House Speaker Paul Ryan, R-Wis., is leading the push for the bill, saying it is the best hope that Republicans have of ending Obamacare and passing a replacement bill under a fast-track budget procedure that can not be blocked by Senate Democrats. But the Harrisonville Republican hasn’t trashed it either.
The yardstick for judging the Republican plan is how their system would compare to the one that Democrats enacted through the Affordable Care Act, also known as Obamacare.
The report he said, confirms what he and Price have been saying for a long time: putting market competition into health care and taking government out “will do what it does with everything else”. Republicans simply do not believe it is the government’s job to tell you you have to have insurance.
The Republican plan provides refundable tax credits, but in many cases the amount of assistance is sharply reduced. House Minority Leader Nancy Pelosi accused Republicans of attempting to push through the biggest transfer of wealth in the nation’s history. Because of that – and because some healthy people will just opt out of insurance altogether – about 14 million Americans would lose coverage under the AHCA in 2018 alone; that number would climb to 24 million by 2026. “Obamacare is collapsing under its own weight”.
It can come as no surprise that legislation as complex as the Obama administration’s Affordable Care Act can’t be overhauled overnight, as Republicans in Congress are trying to do.
On Monday, the Congressional Budget Office released its long-awaited analysis of the bill.
As an example of the CBO’s inability to forecast the insurance market, Mulvaney noted that it had missed badly on Obamacare enrollment predictions for this year, suggesting in a report released three years ago that 24 million people would use the law’s exchanges to purchase healthcare. John Cornyn, the Senate’s No. 2 Republican said Monday. But Republican efforts in recent days to discredit the CBO have made it clear that they know their plan isn’t a fix.

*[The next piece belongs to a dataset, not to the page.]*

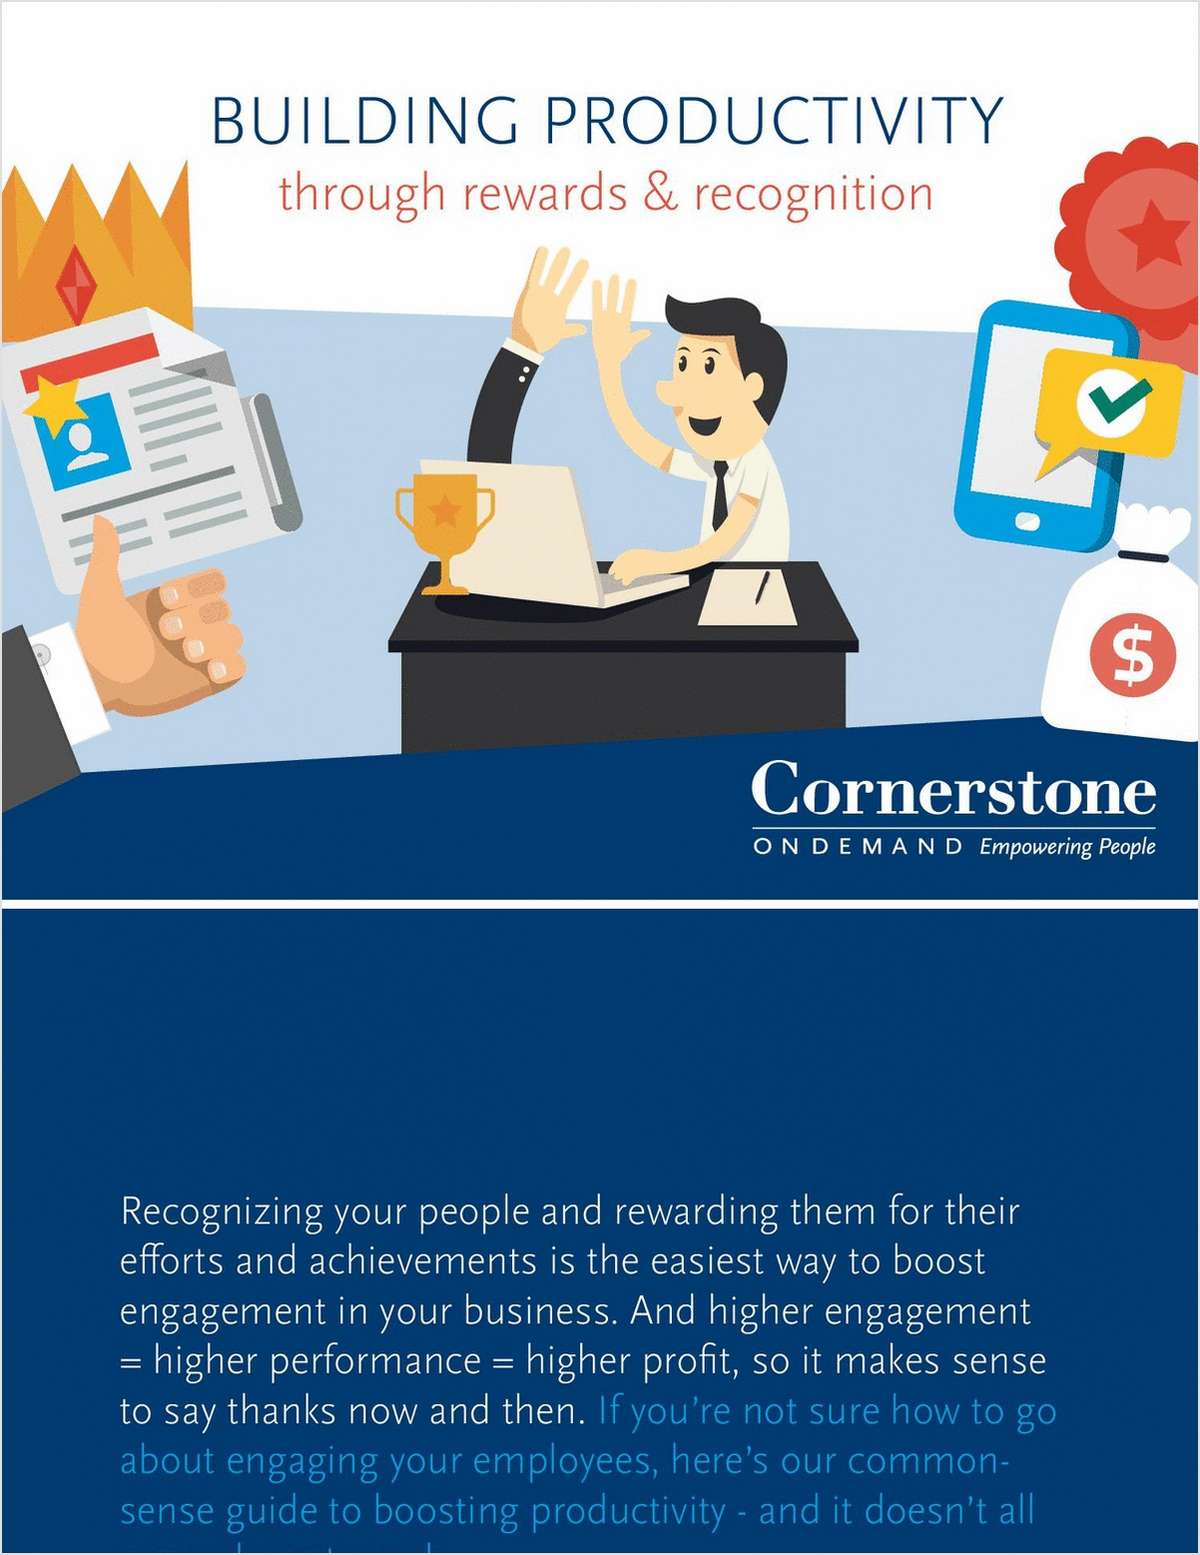 Building Productivity Through Rewards and Recognition
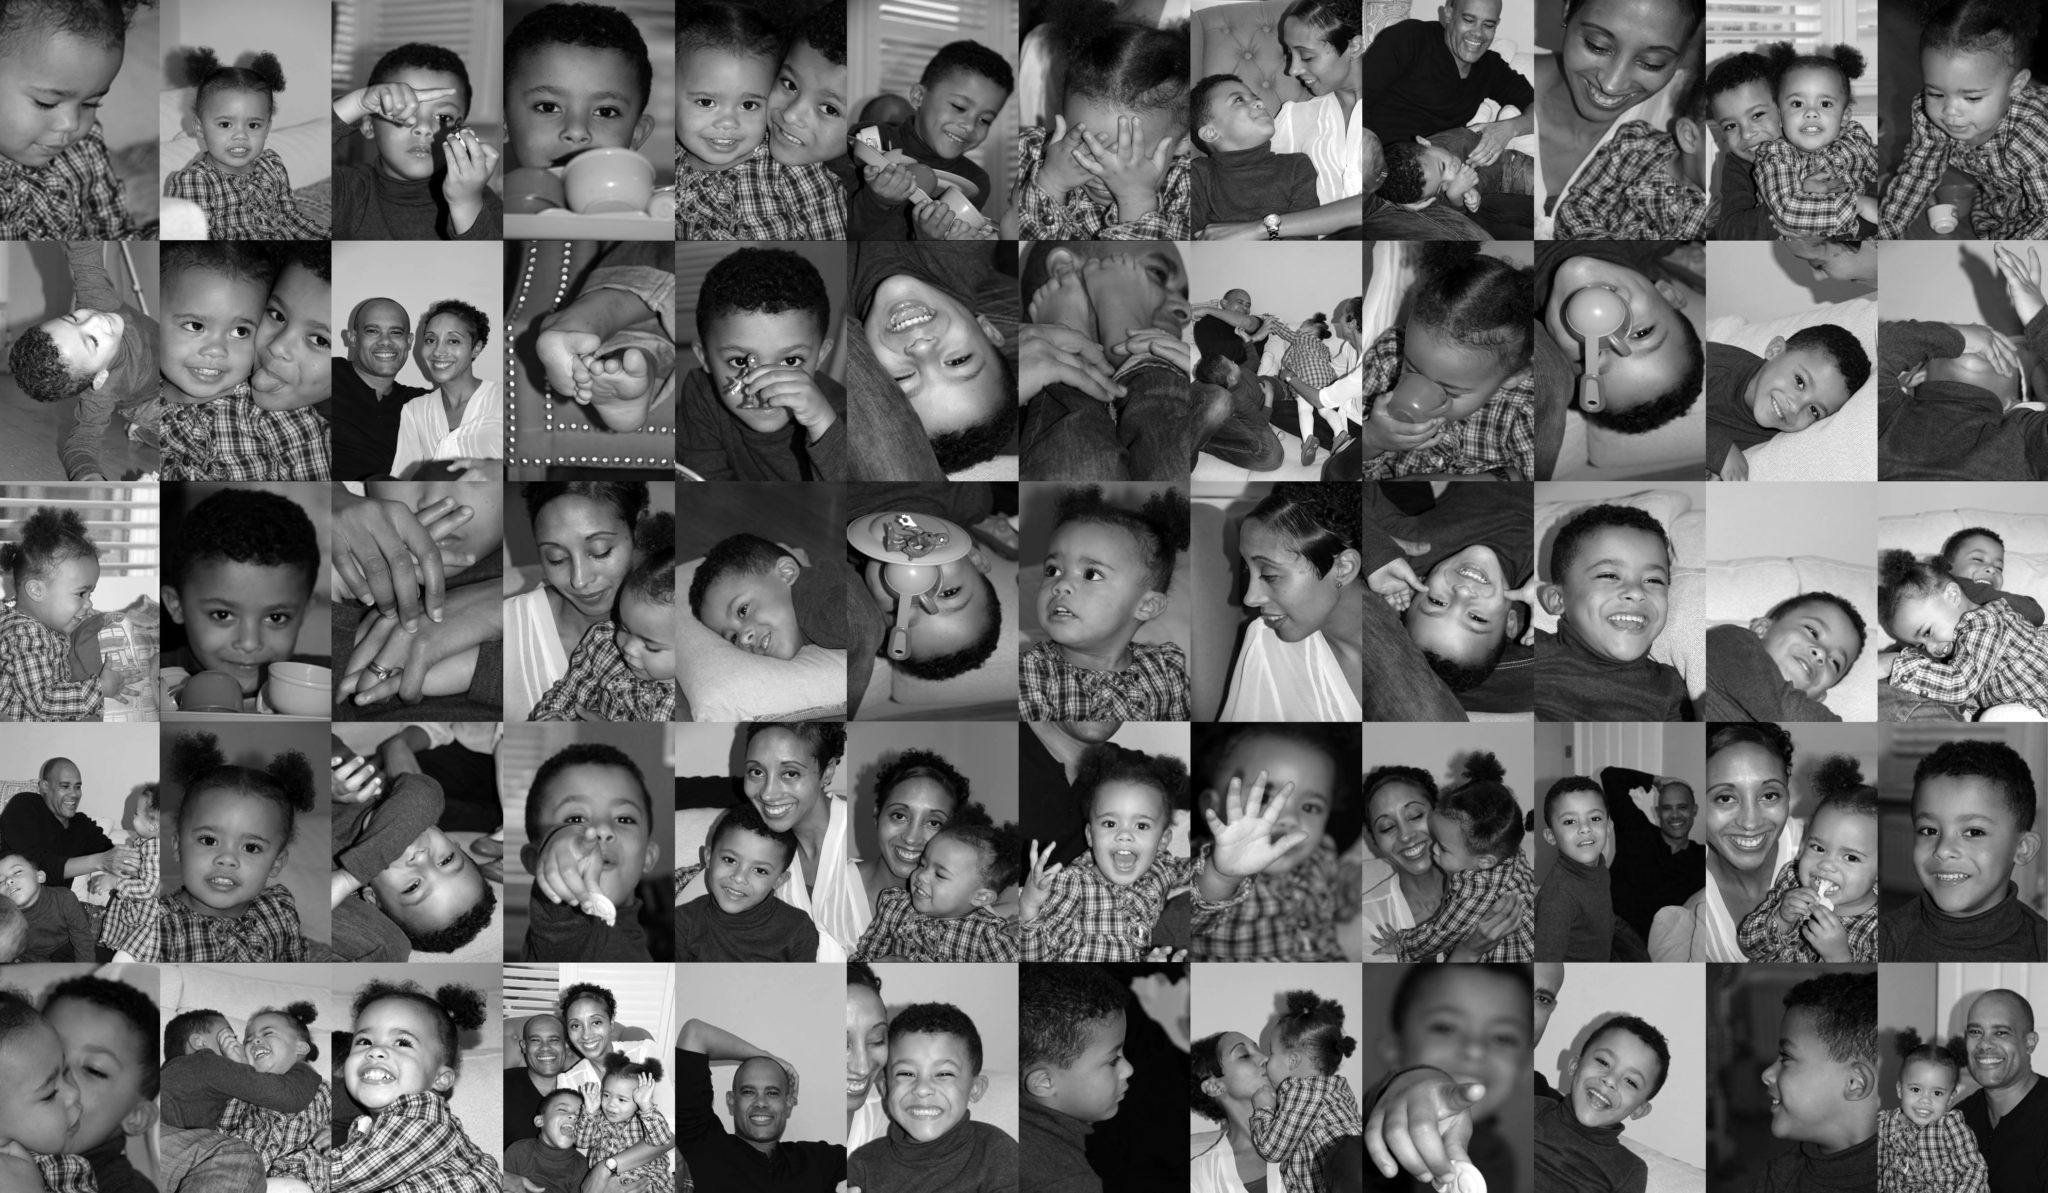 montage commission, family photography, black and white photography, fun photography,

Their plan would lead to more uninsured Americans, higher health care premiums, more unplanned pregnancies, health providers not compensated for treating the uninsured and Americans dying for lack of care.
All eyes turn to the Congressional Budget Office to project the impact of the GOP’s American Health Care Act on taxpayers and consumers – including how many people will lose health coverage across the country. Next year’s loss is “huge”, she said.
“I’ll call it “Trumpcare” if you want to, but I didn’t hear President Trump say to any of us: ‘I want my name on that, ‘” White House counselor Kellyanne Conway said last week, according to The Hill. And the reduction in the uninsured is more like 14 million, not 30 million, and all of that reduction is the result of the Medicaid expansion, not the law’s private sector regulations and mandates. But Missouri Republicans blocked that initiative.
The Republican plan rolls this expansion back in 2020, a move that would deny Medicaid coverage to millions of working poor.
However, House Speaker Paul Ryan found the CBO report to be a pleasing affirmation of the bill.
He said the House bill would provide “far” more choices at lower costs.
“This is the closest we will ever get to repealing and replacing Obamacare”, Ryan said. Many conservatives can not even feign support for it.
INSKEEP: Can Democrats stay unanimous against this as they’ve said they want to be? If the government says thou shall buy our health insurance, the government estimates are going to say people will comply and it will happen.